▶ **Problem statement**
In the records below, the relevant part opens with the line containing "Mount Everest glimpsed" and closes with the line containing "Мужские коричневые шерстяные"; print that part exactly and only, without its pictures.

--- Data Enclosed Below ---

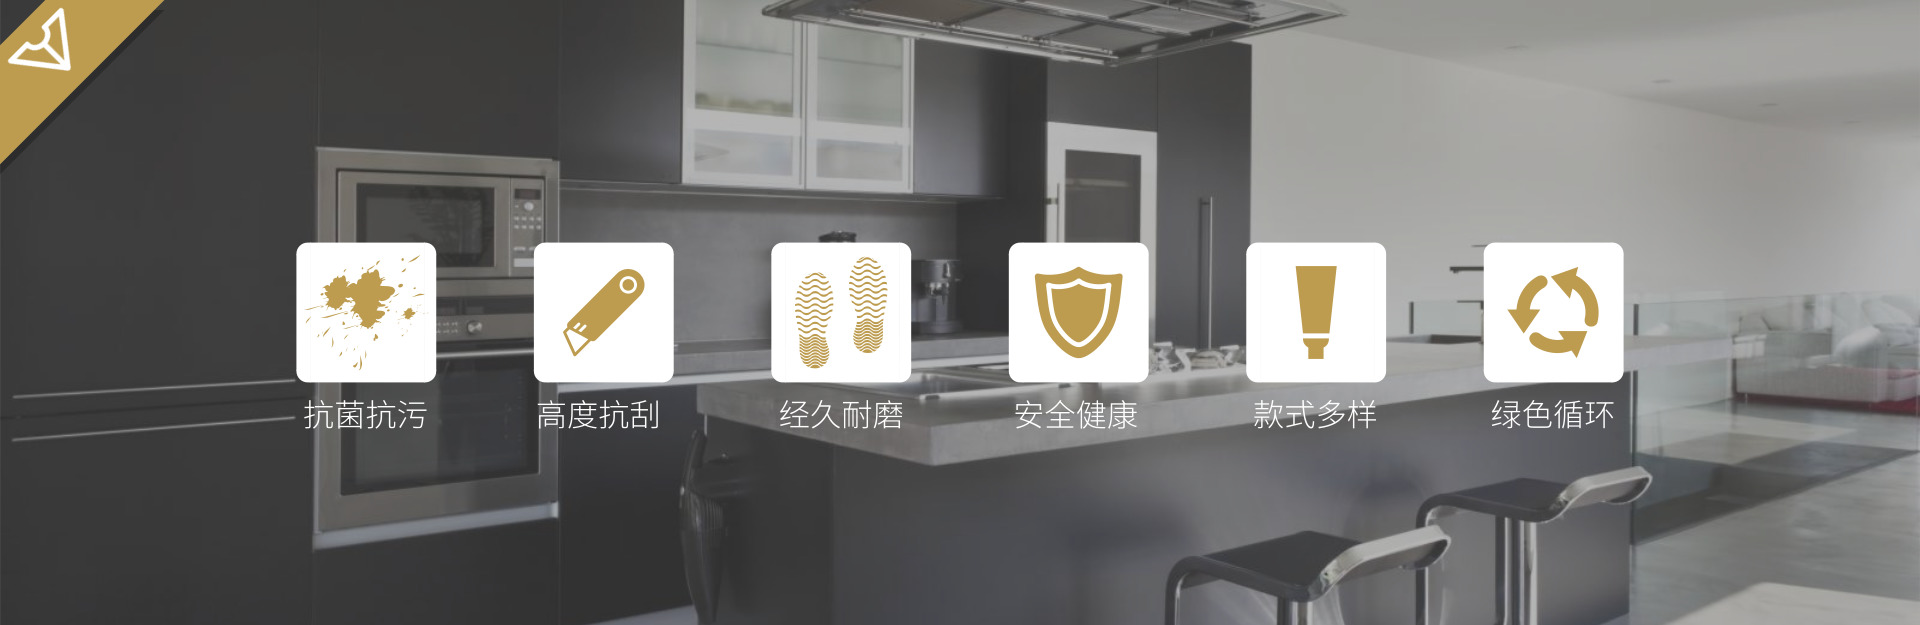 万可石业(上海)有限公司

--- End of Enclosed Data ---
--- Data Enclosed Below ---

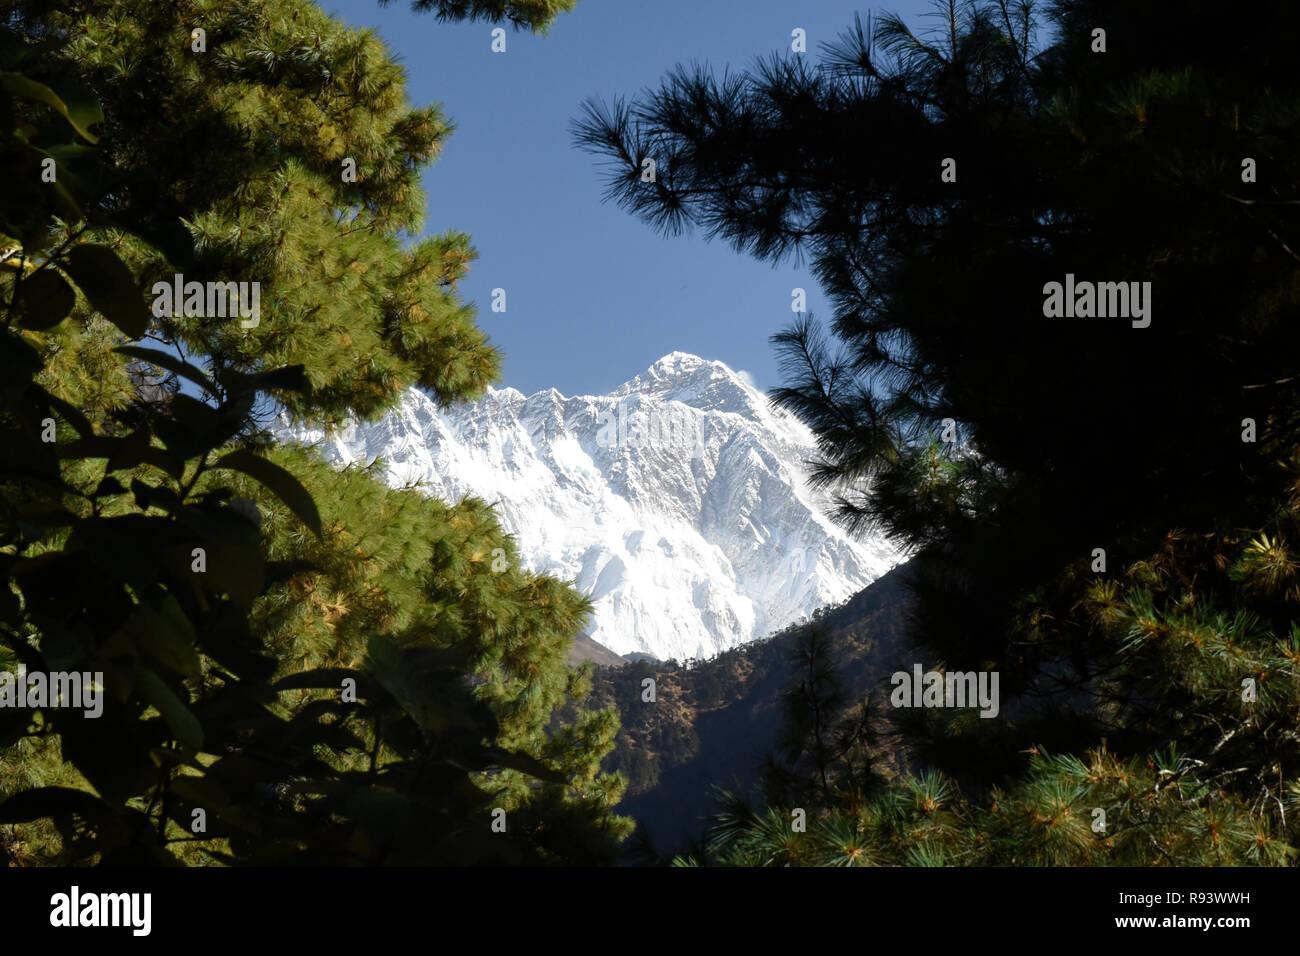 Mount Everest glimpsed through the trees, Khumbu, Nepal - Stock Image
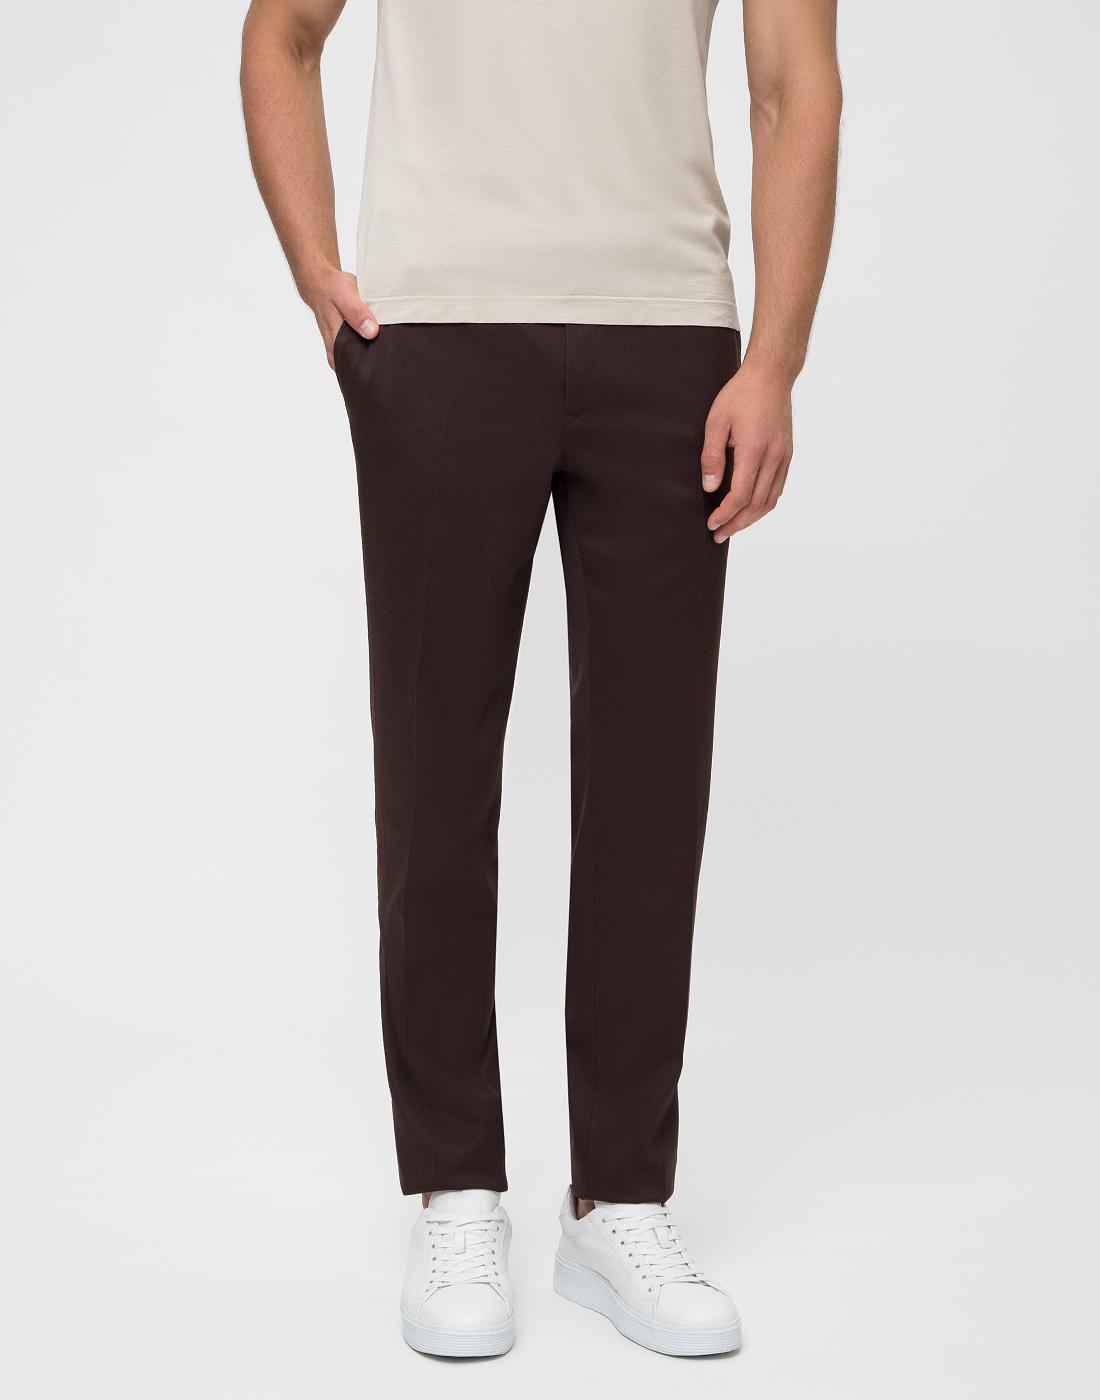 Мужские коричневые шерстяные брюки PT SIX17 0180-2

--- End of Enclosed Data ---

▶ **Solution to this task**
 Mount Everest glimpsed through the trees, Khumbu, Nepal - Stock Image
 Мужские коричневые шерстяные брюки PT SIX17 0180-2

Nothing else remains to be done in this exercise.